Skip all pictures. Set down only the lines starting at the line containing "MJ Electric Leadership" and running to the end of the listing.

■ **Data extract**:
----

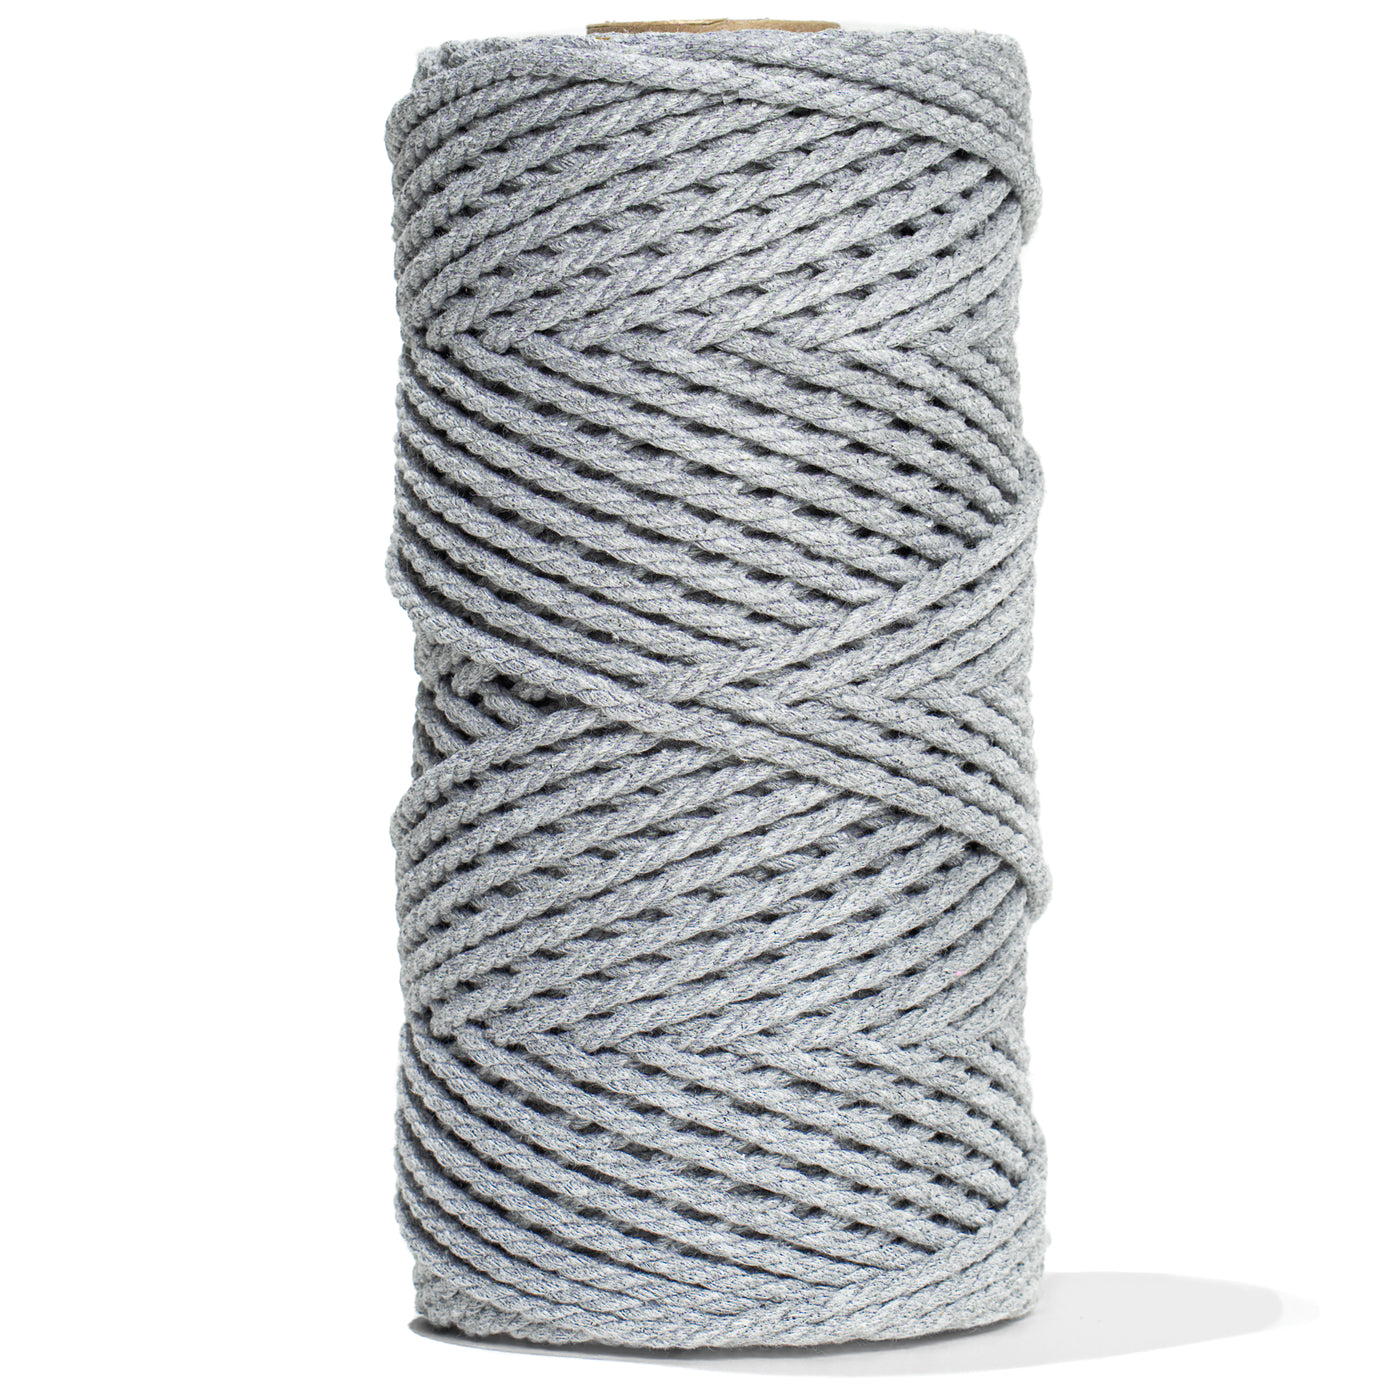 COTTON ROPE ZERO WASTE 3 MM - 3 PLY - HEATHER GRAY COLOR
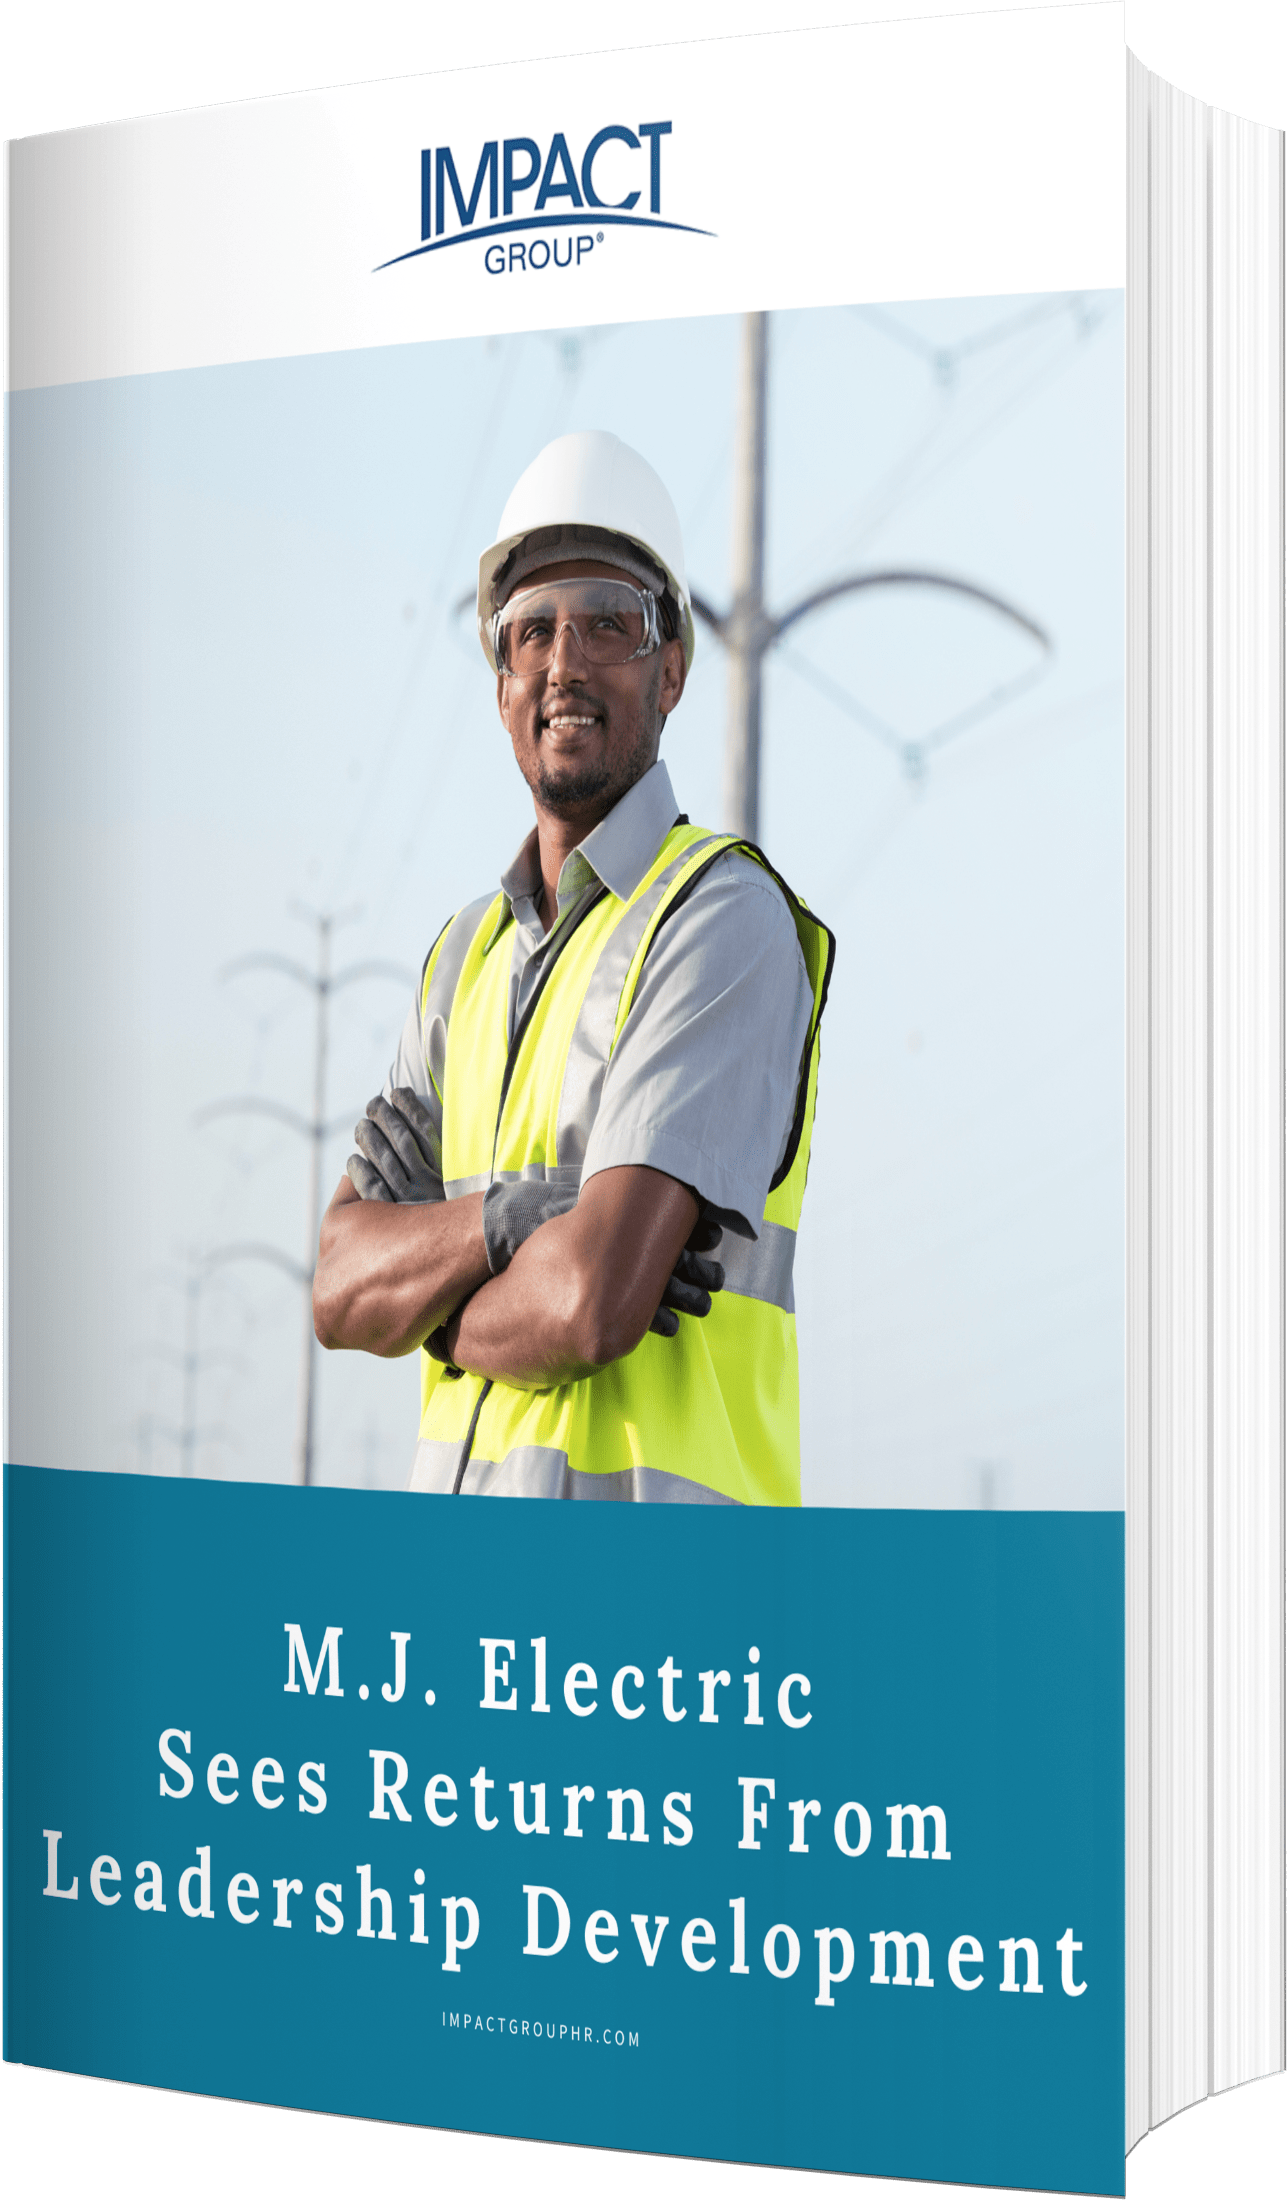 MJ Electric Leadership Case Study, IMPACT Group
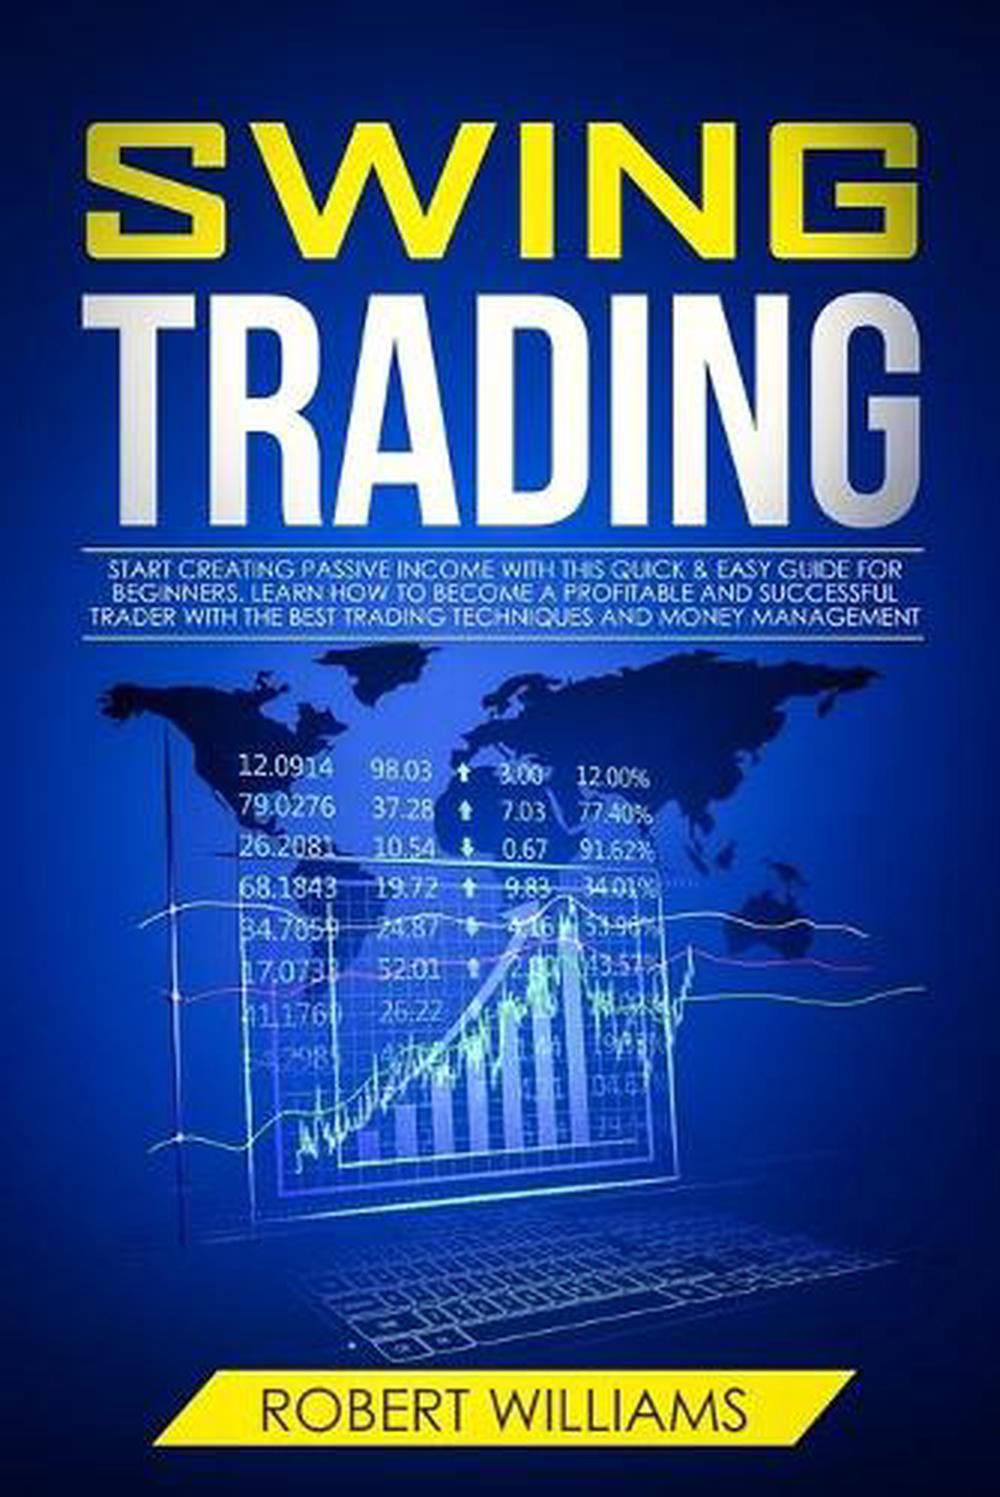 Swing Trading by Robert Williams (English) Paperback Book Free Shipping
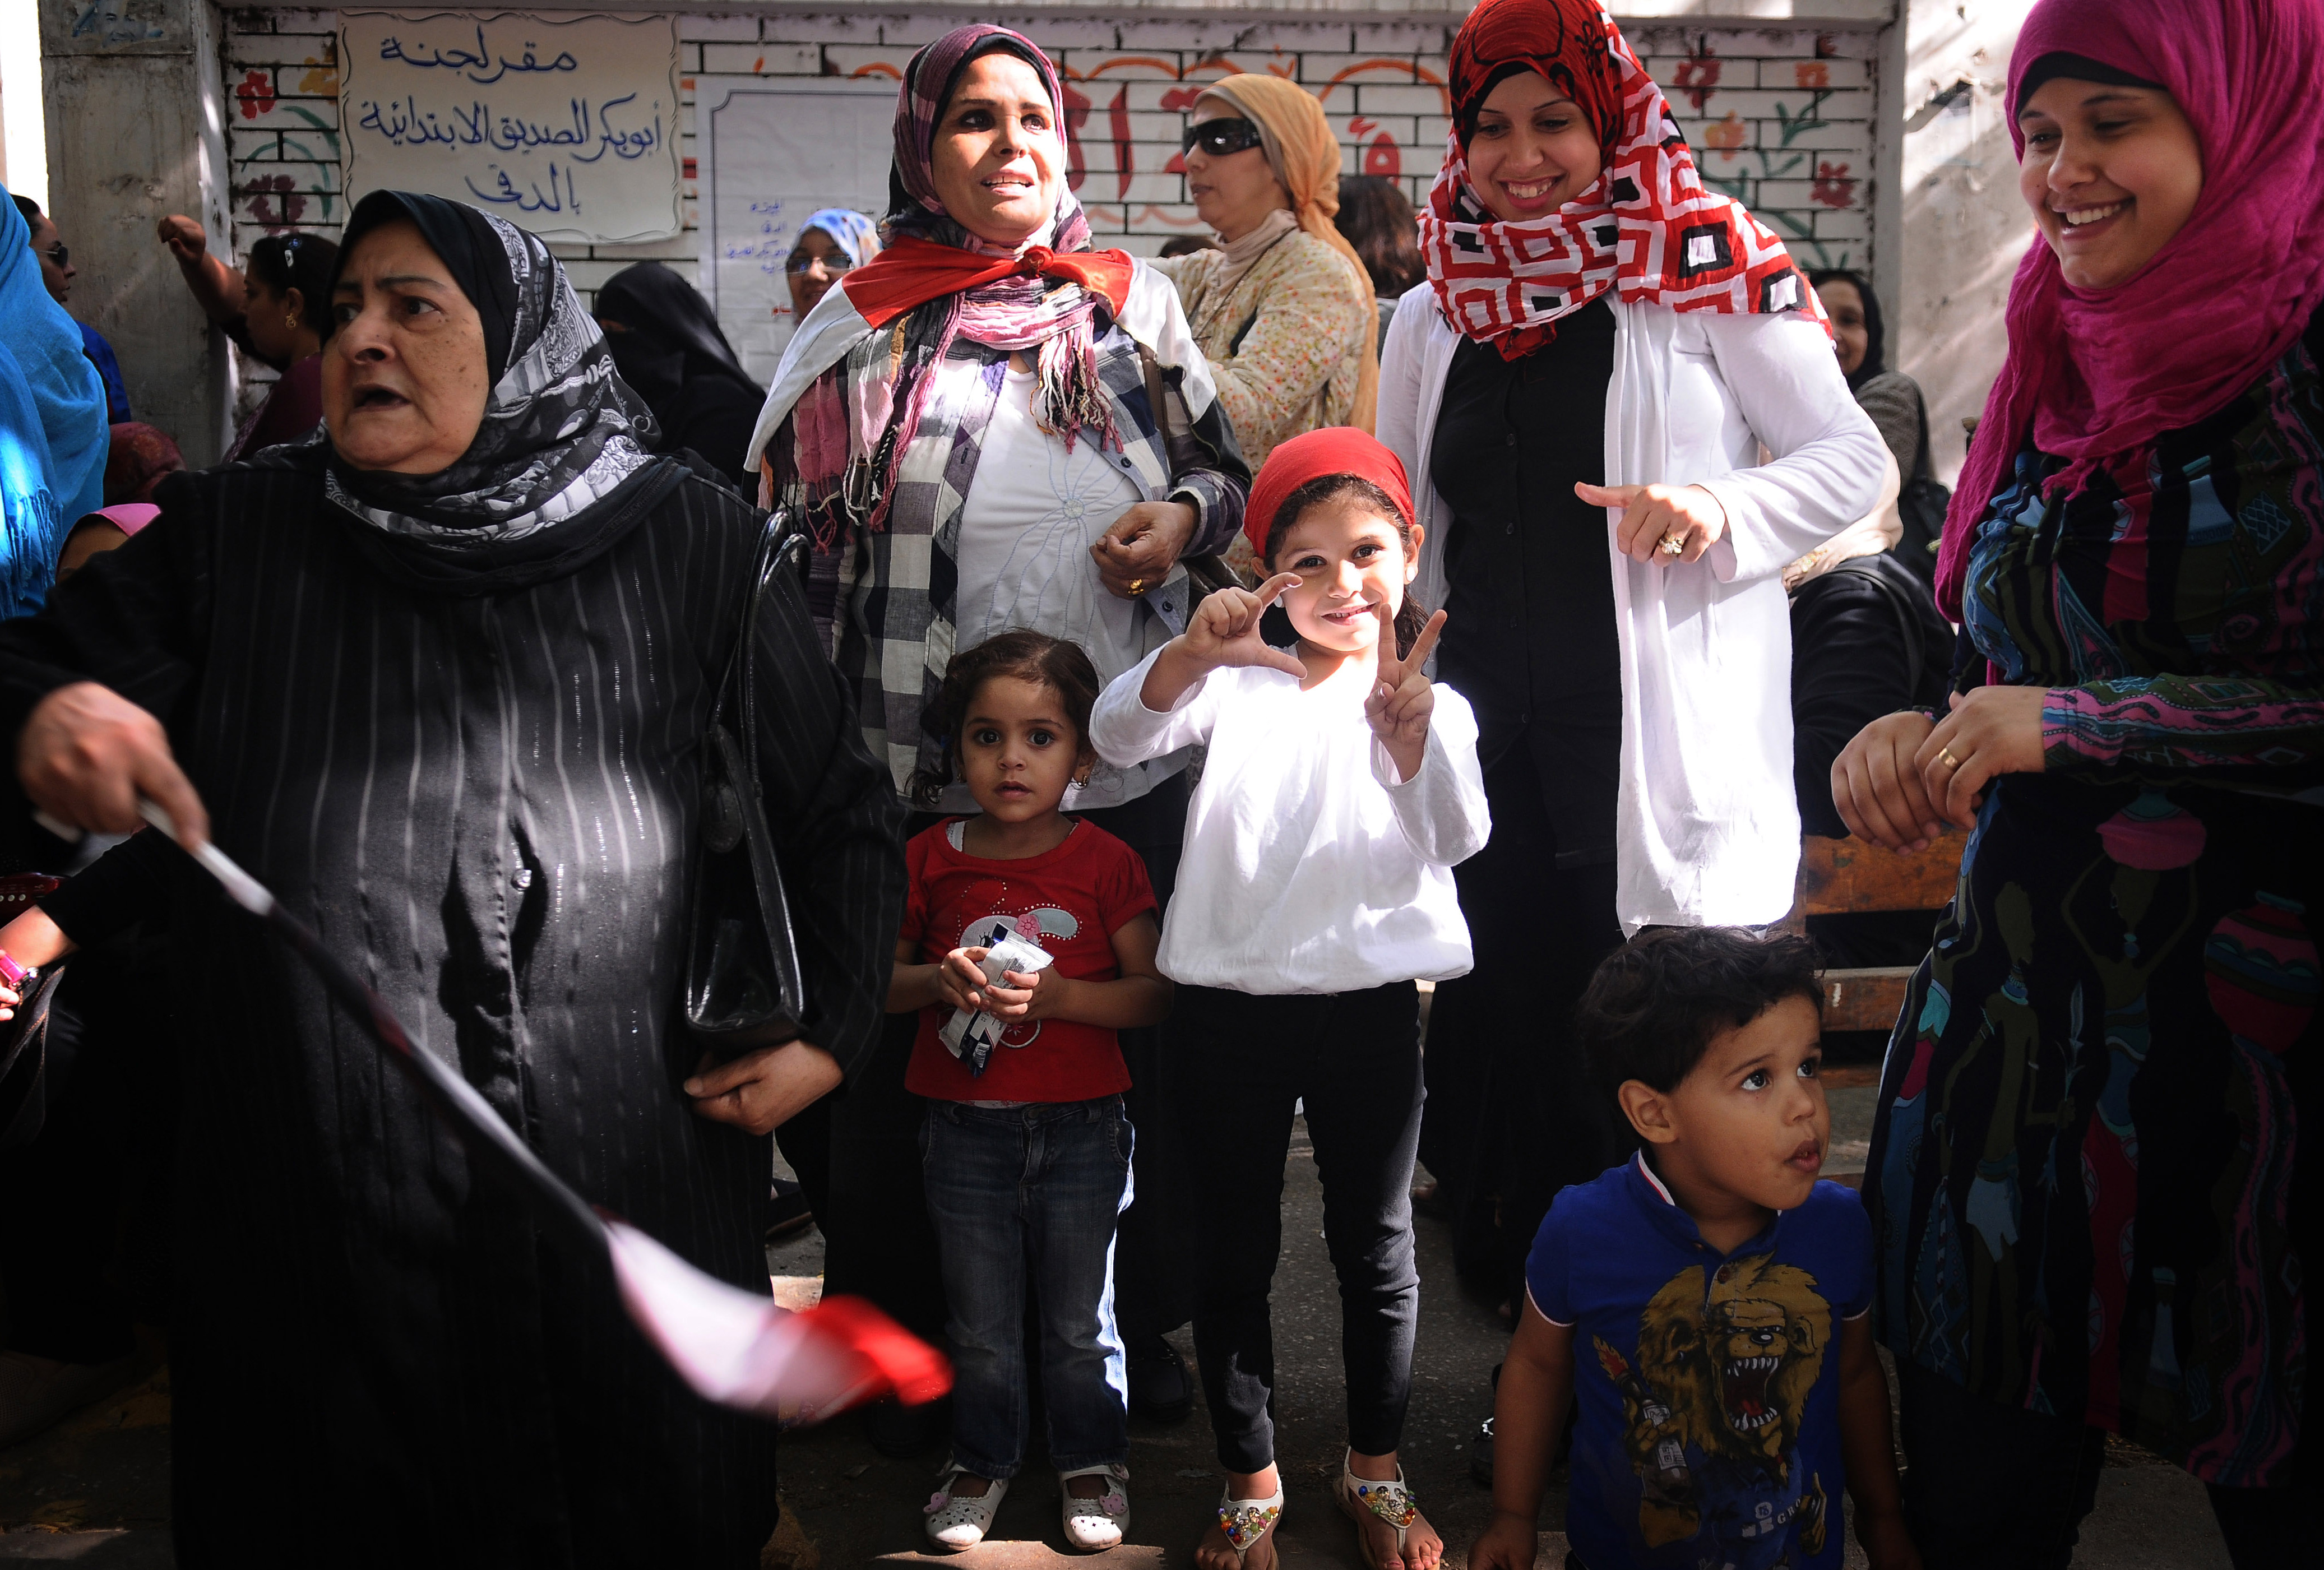 Egyptians wait in line to vote at a polling station in Cairo

----

■ **Response to this task**:
 MJ Electric Leadership Case Study, IMPACT Group
 Swing Trading by Robert Williams (English) Paperback Book Free Shipping
 Egyptians wait in line to vote at a polling station in Cairo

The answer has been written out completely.